Je m'étais souvent amusé à imaginer, au coin du feu, les choses les plus invraisemblables qui pourraient m'arriver. En bonne place, coincé entre « discuter avec ma moto » et « nager dans les sables mouvants d'Uniach, le désert empoisonné du sud– ouest », figurait « être capturé par des sédentaires ». C'était pourtant bien ce qui venait de m'arriver. Ces gens-là n'avaient ni l'apparence ni les manières des pillards et, surtout, leur village – où nous arrivâmes en fin de journée –, ne laissait pas la moindre place au doute.
C'était une agglomération de quelques dizaines de chaumières, faites de bois et de terre séchée. Tout autour, de petits murets de pierre limitaient des champs pauvrement irrigués où poussaient quelques légumes faméliques. Deux douzaines de moutons broutaient les brins d'herbe perçant entre les cailloux. La communauté de sédentaires dans toute sa splendeur ! Je ne parvenais pas à comprendre comment il était possible de vivre ainsi ; plutôt mourir dix fois au combat ! Pourtant je ne pouvais me retenir d'une certaine admiration pour eux ; quelques mois plus tôt, lorsque j'ignorais encore tout de mes origines, je les méprisais, les prenant pour des pleutres. J'avais changé d'avis : il fallait une bonne dose de courage pour mener une pareille existence.
Notre entrée dans le village ne passa pas inaperçue.
— Les chasseurs sont revenus ! cria un gamin qui jouait sur le pas d'une porte.
Aussitôt, de chaque chaumière s'échappèrent des femmes et des enfants qui coururent à notre rencontre. Sibylle et moi poussions péniblement nos bécanes. Malgré son bidon de secours nous étions rapidement tombés en panne et le chef des sédentaires – j'appris plus tard qu'il se nommait Hickory –, avait obstinément refusé de faire un détour par une station. La jeune femme n'avait pas desserré les dents de tout le voyage, encore plus distante qu'auparavant, si c'était possible.
Les sifflets et les quolibets ne tardèrent pas à pleuvoir sur nous. Une vieille femme aux cheveux blancs cracha même au sol sur notre passage.
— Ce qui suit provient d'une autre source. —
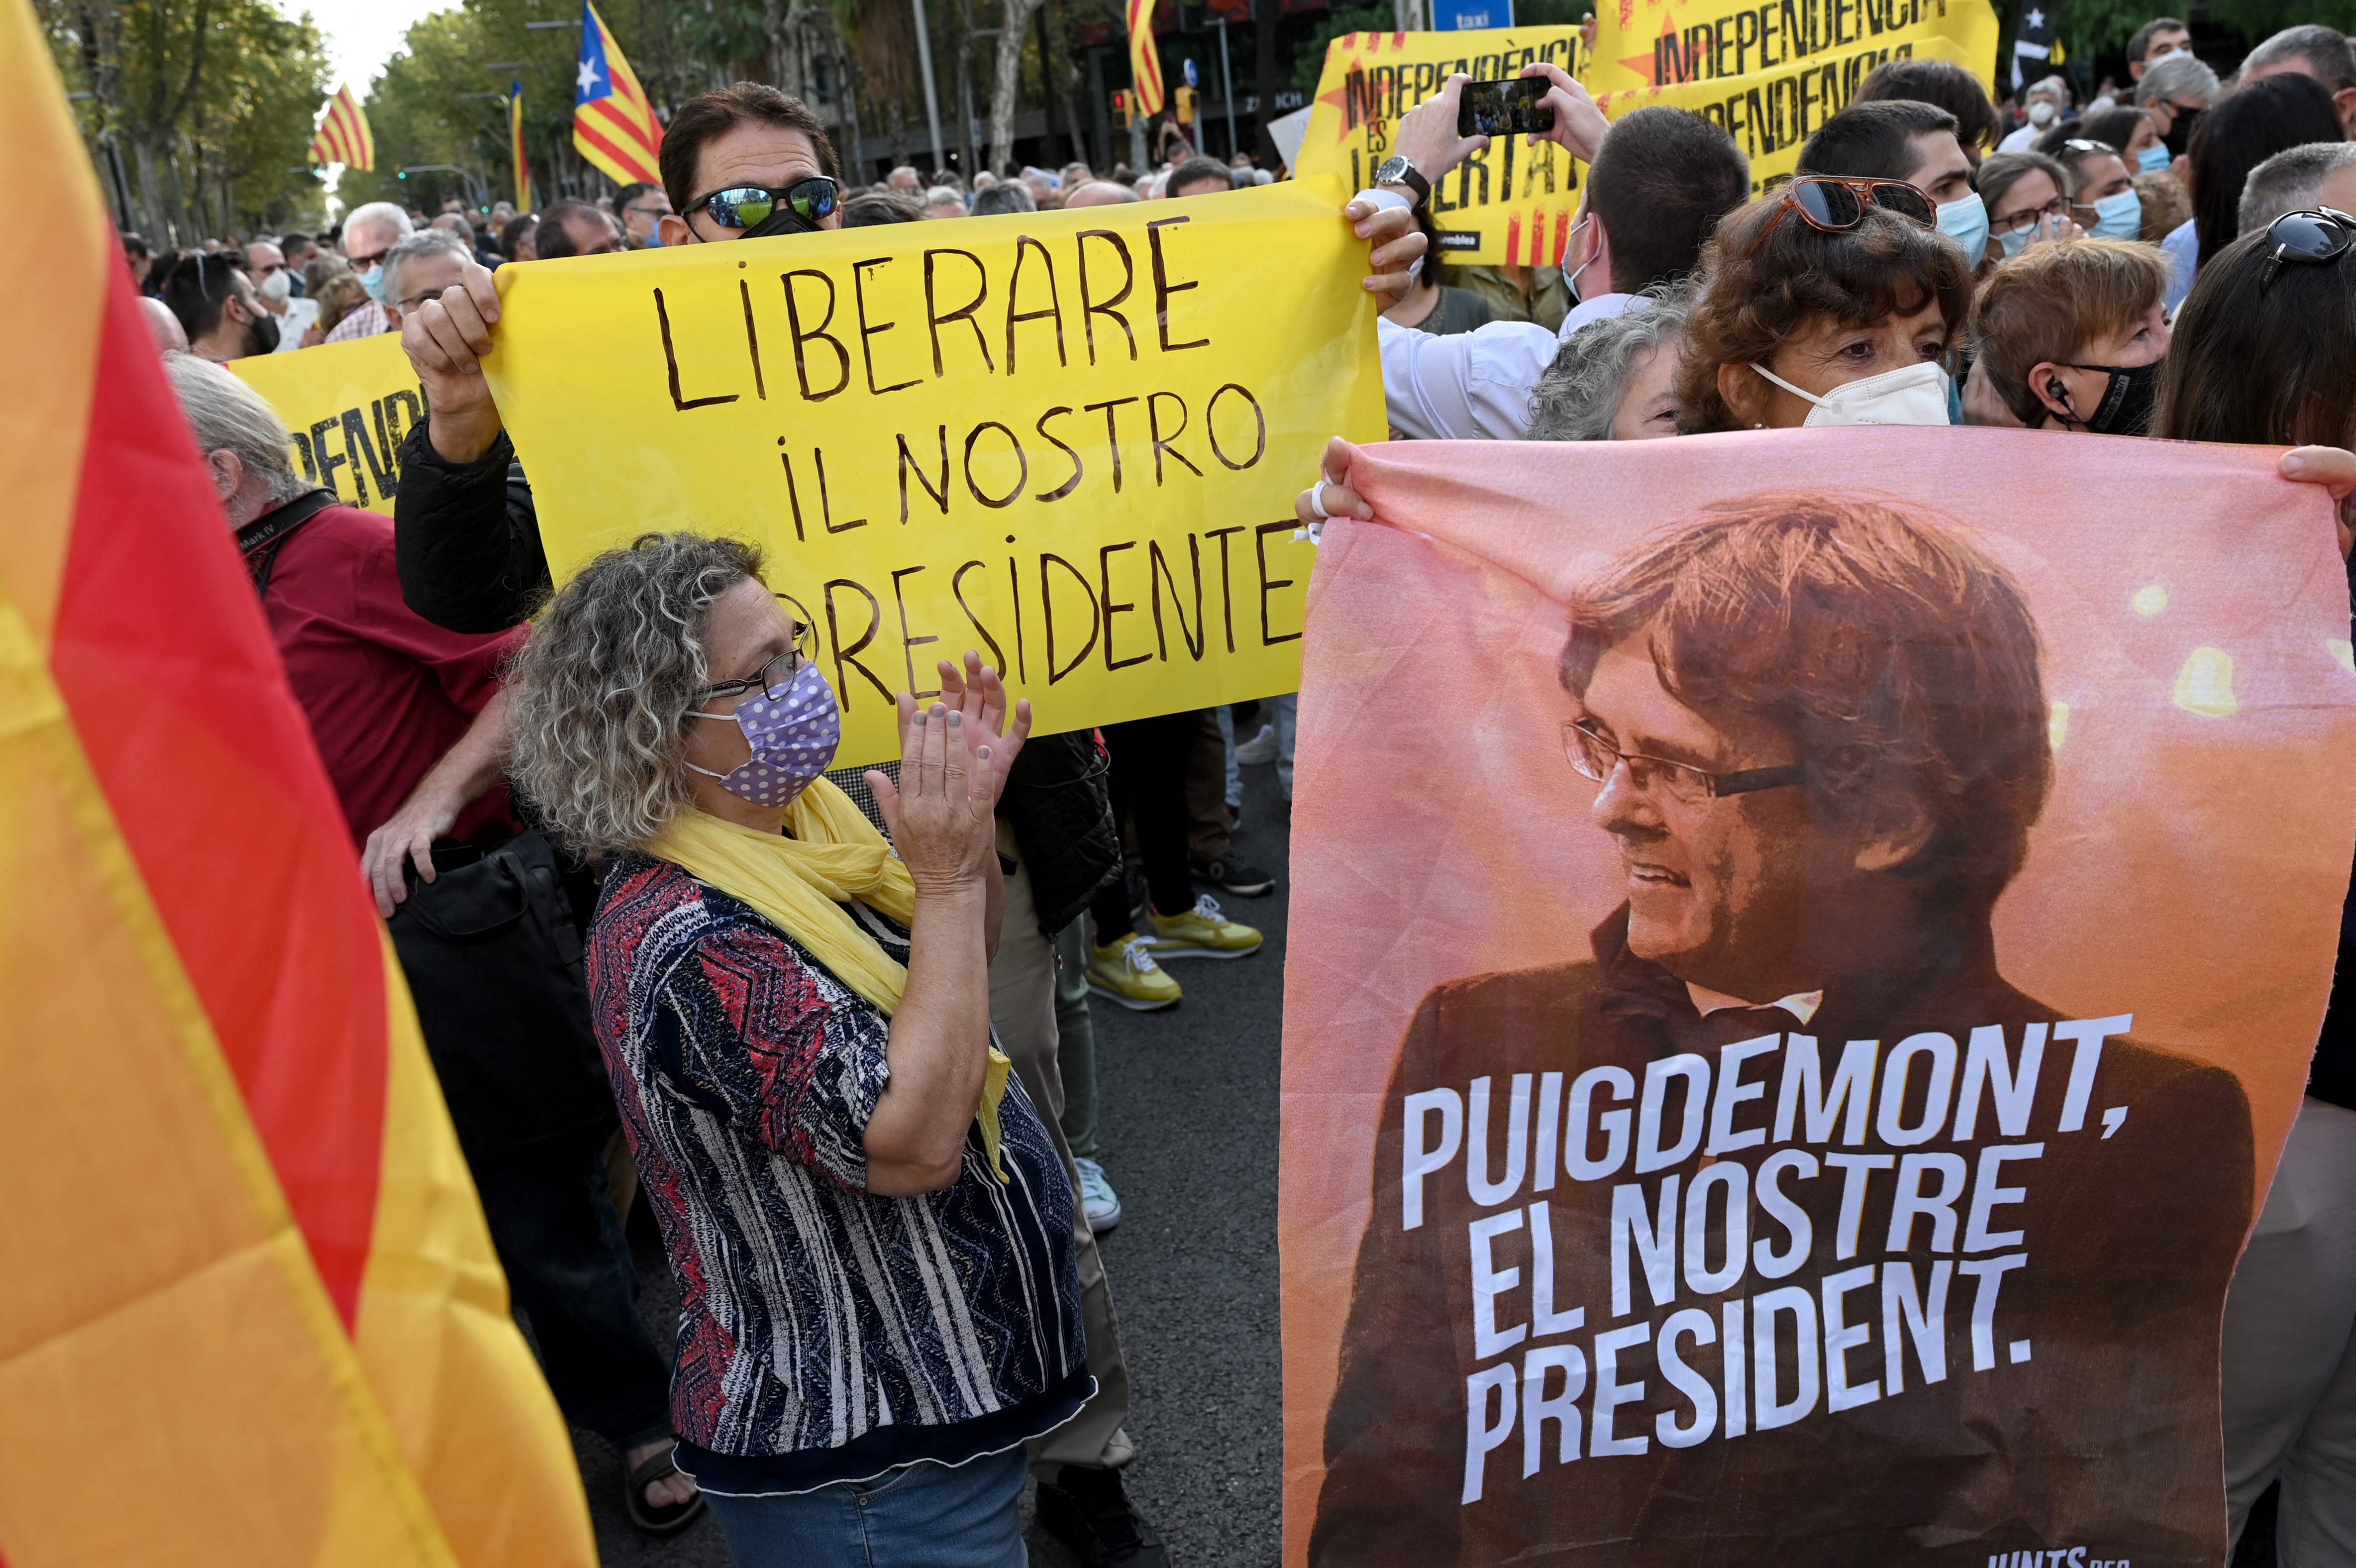 Demonstration outside Italian consulate in Barcelona after arrest of exiled former Catalan president Carles Puigdemont in Italy

— Laissez-les tranquilles ! dit Hickory d'une voix forte.
— Tu défends les motards, maintenant ? cria quelqu'un.
— Je défends la dignité de tous les êtres humains, c'est tout. Maintenant que chacun retourne à sa tâche !
Il avait l'air de croire à ce qu'il disait. En tout cas il possédait assurément un certain prestige au village car plus personne ne nous ennuya, la plupart des mères entraînant même leurs enfants chez elles.
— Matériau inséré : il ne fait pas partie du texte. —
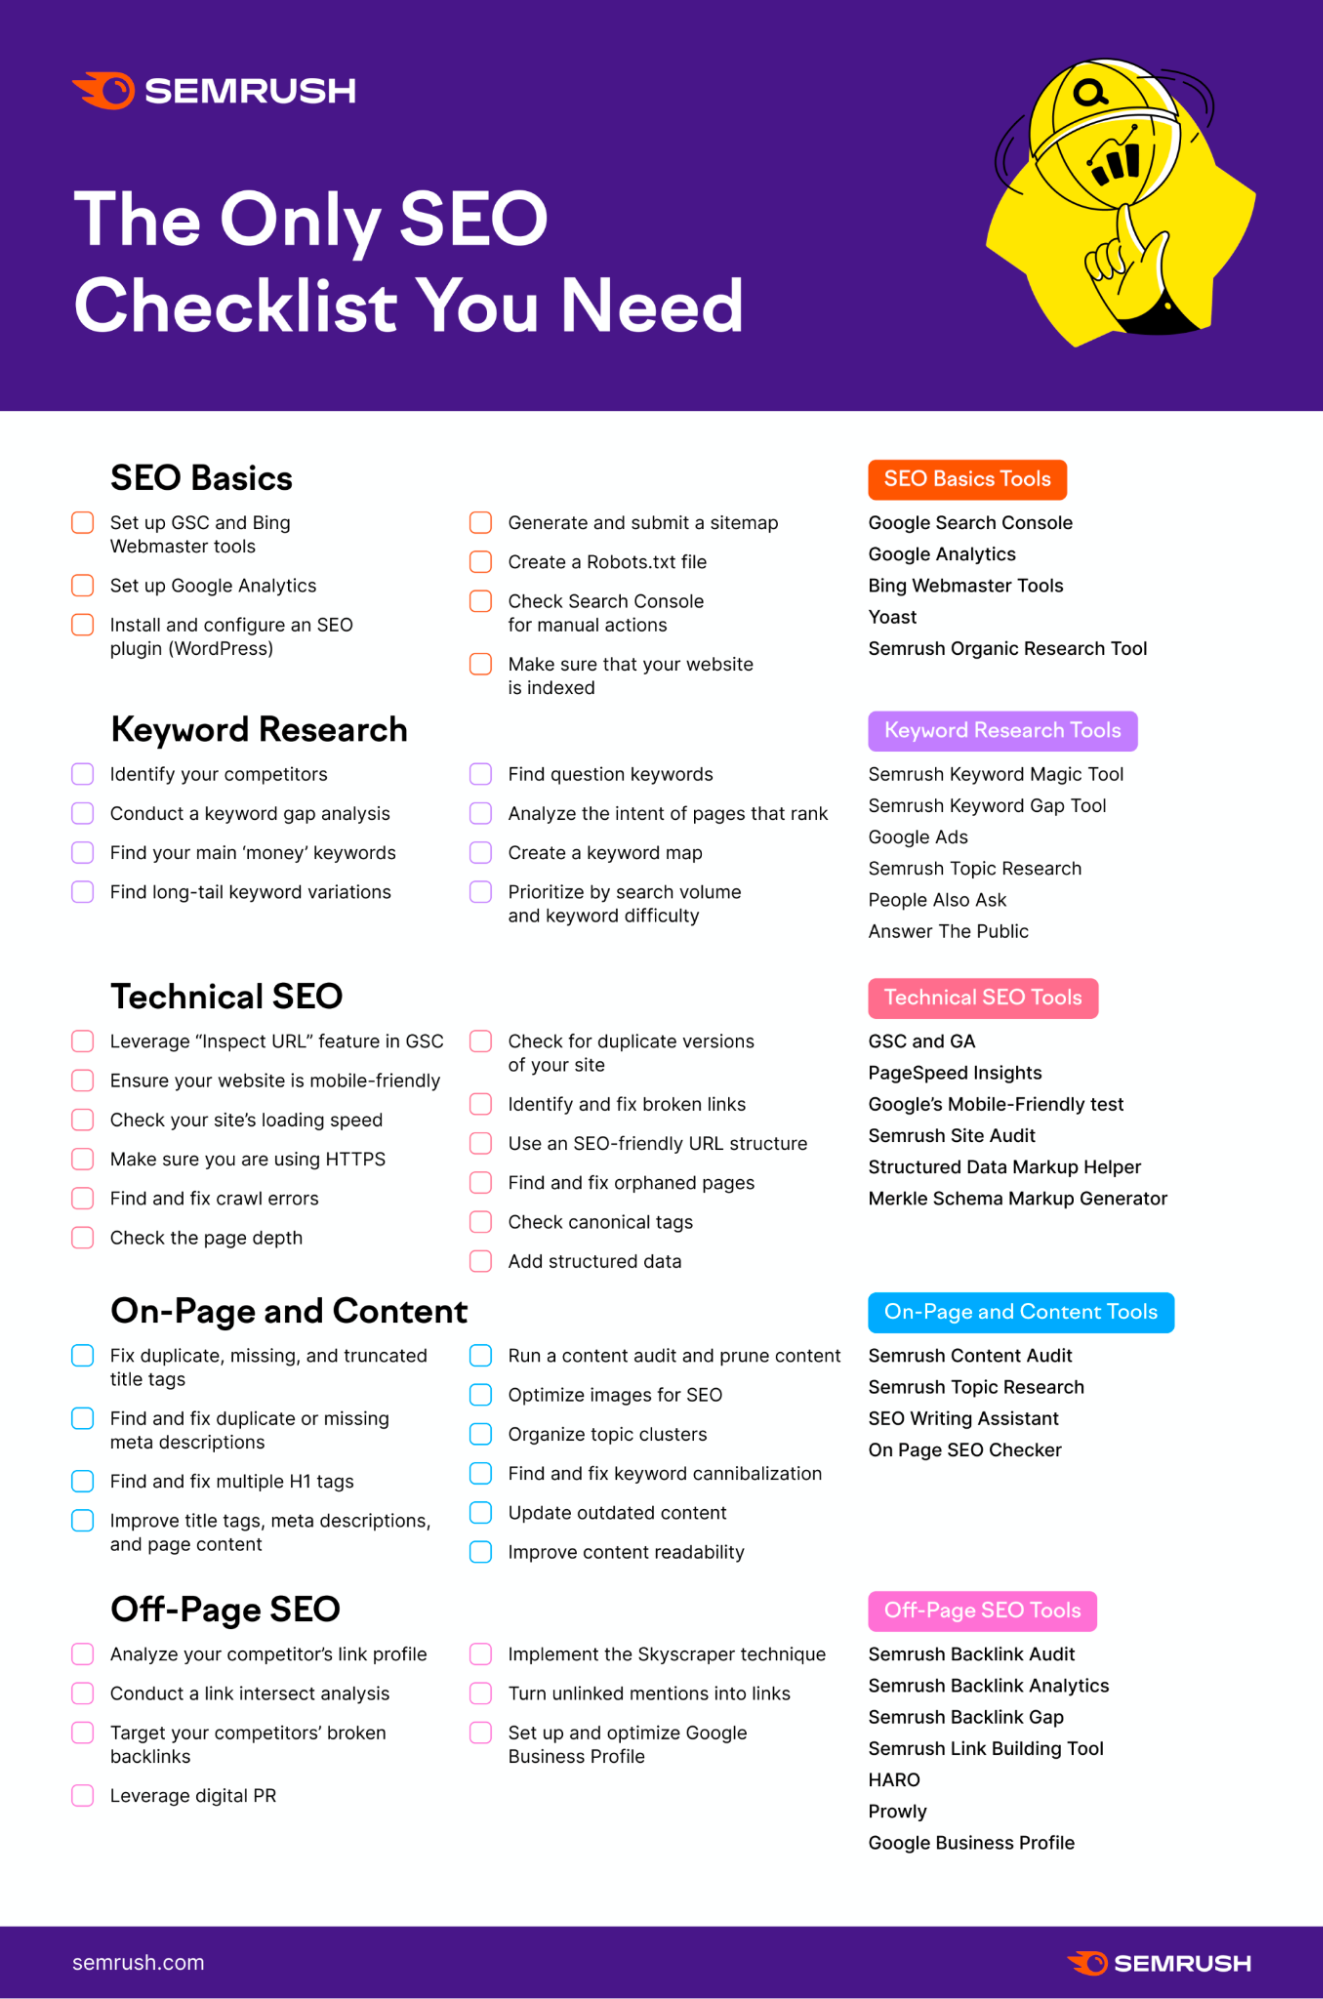 The Ultimate Off-Page SEO Checklist

— Quel plaisir de voir des femmes aussi dociles ! dis-je en souriant.
— Si on s'en sort, je t'étrangle ! répondit Sibylle, sur le même ton.
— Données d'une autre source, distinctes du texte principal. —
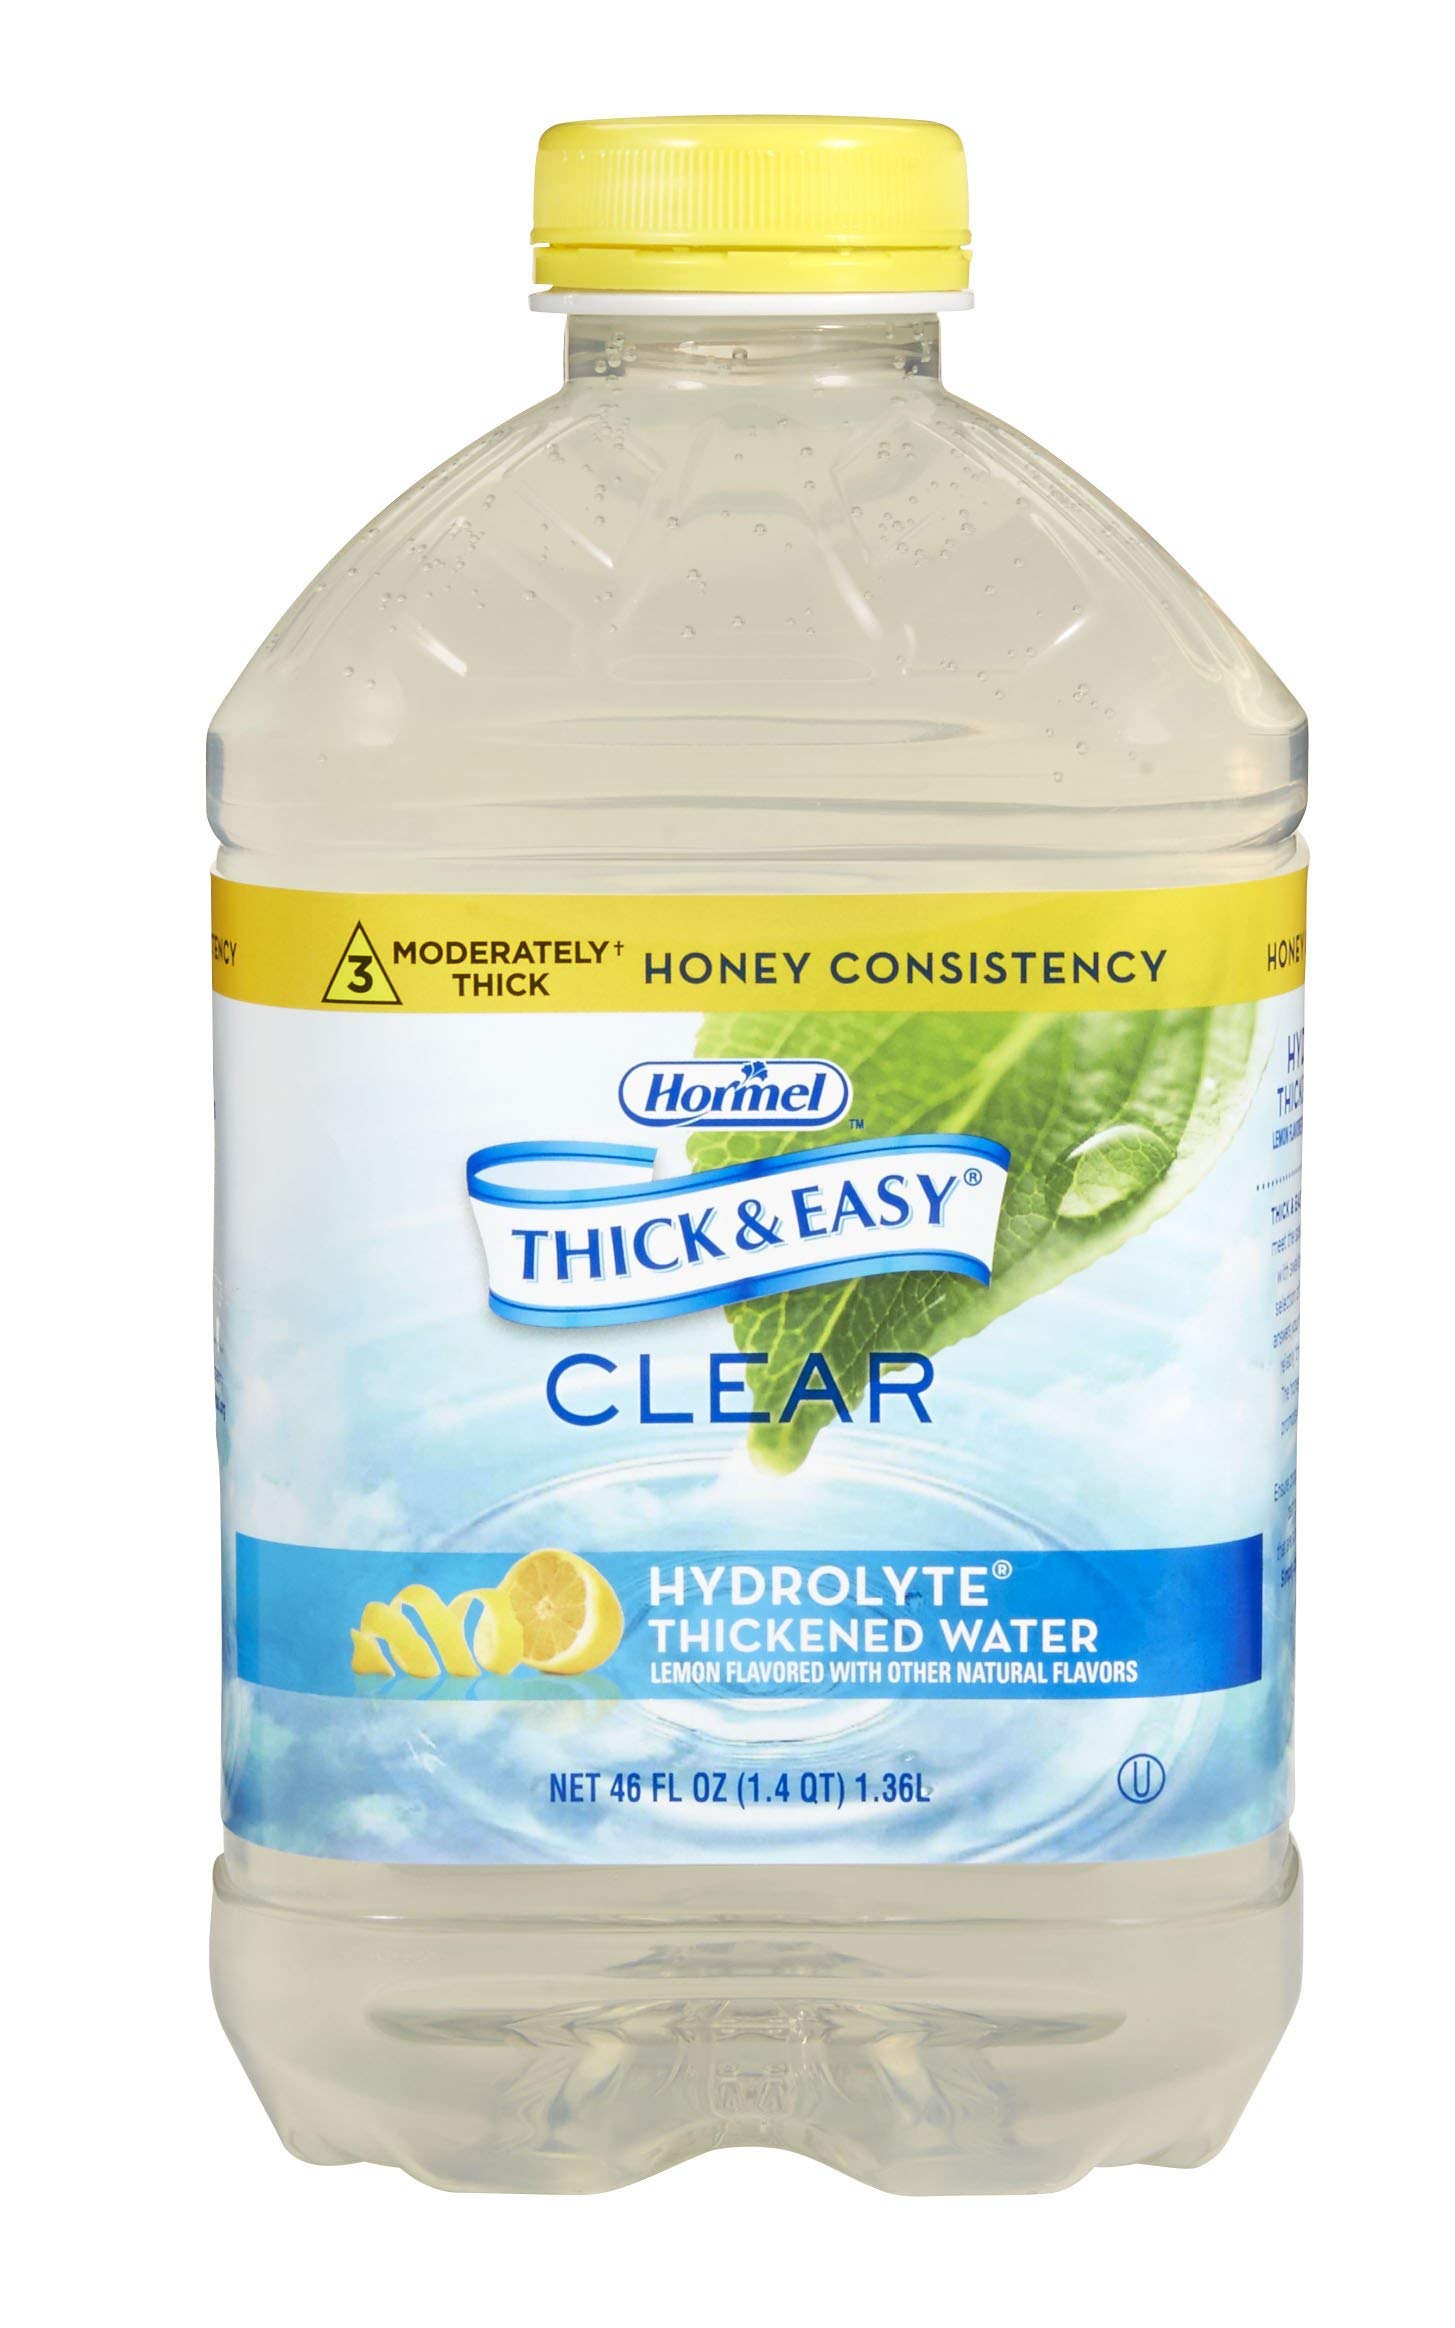 Thick & Easy Hydrolyte Thickened Water 46 oz. Bottle Lemon Flavor Ready to Use Honey Consistency, 27076 - ONE Bottle

Hickory nous enjoignit de garer les motos devant l'une des chaumières puis nous fit signe de le suivre à l'intérieur. La nuit tombait ; quelques bougies brûlaient déjà, répandant une forte odeur de graisse animale. Le mobilier de la chaumière se composait en tout et pour tout d'une table, de deux tabourets, et de quelques étagères sur lesquelles s'alignaient assiettes et verres de grès grossier. Au fond d'une petite alcôve, reposant sur une paillasse, un vieil homme semblait dormir. Hickory s'approcha de lui et lui toucha l'épaule.
— Père ? dit-il doucement. Réveillez-vous…
Un tic nerveux anima un instant la joue du vieil homme qui finit par ouvrir les yeux.
— Hickory, souffla-t-il. Tu es revenu. (Puis, nous apercevant :) Qui sont ces jeunes gens ?
— Des motards que nous avons capturés dans les dunes, en poursuivant un gros lézard. Je les ai amenés pour que vous décidiez de leur sort.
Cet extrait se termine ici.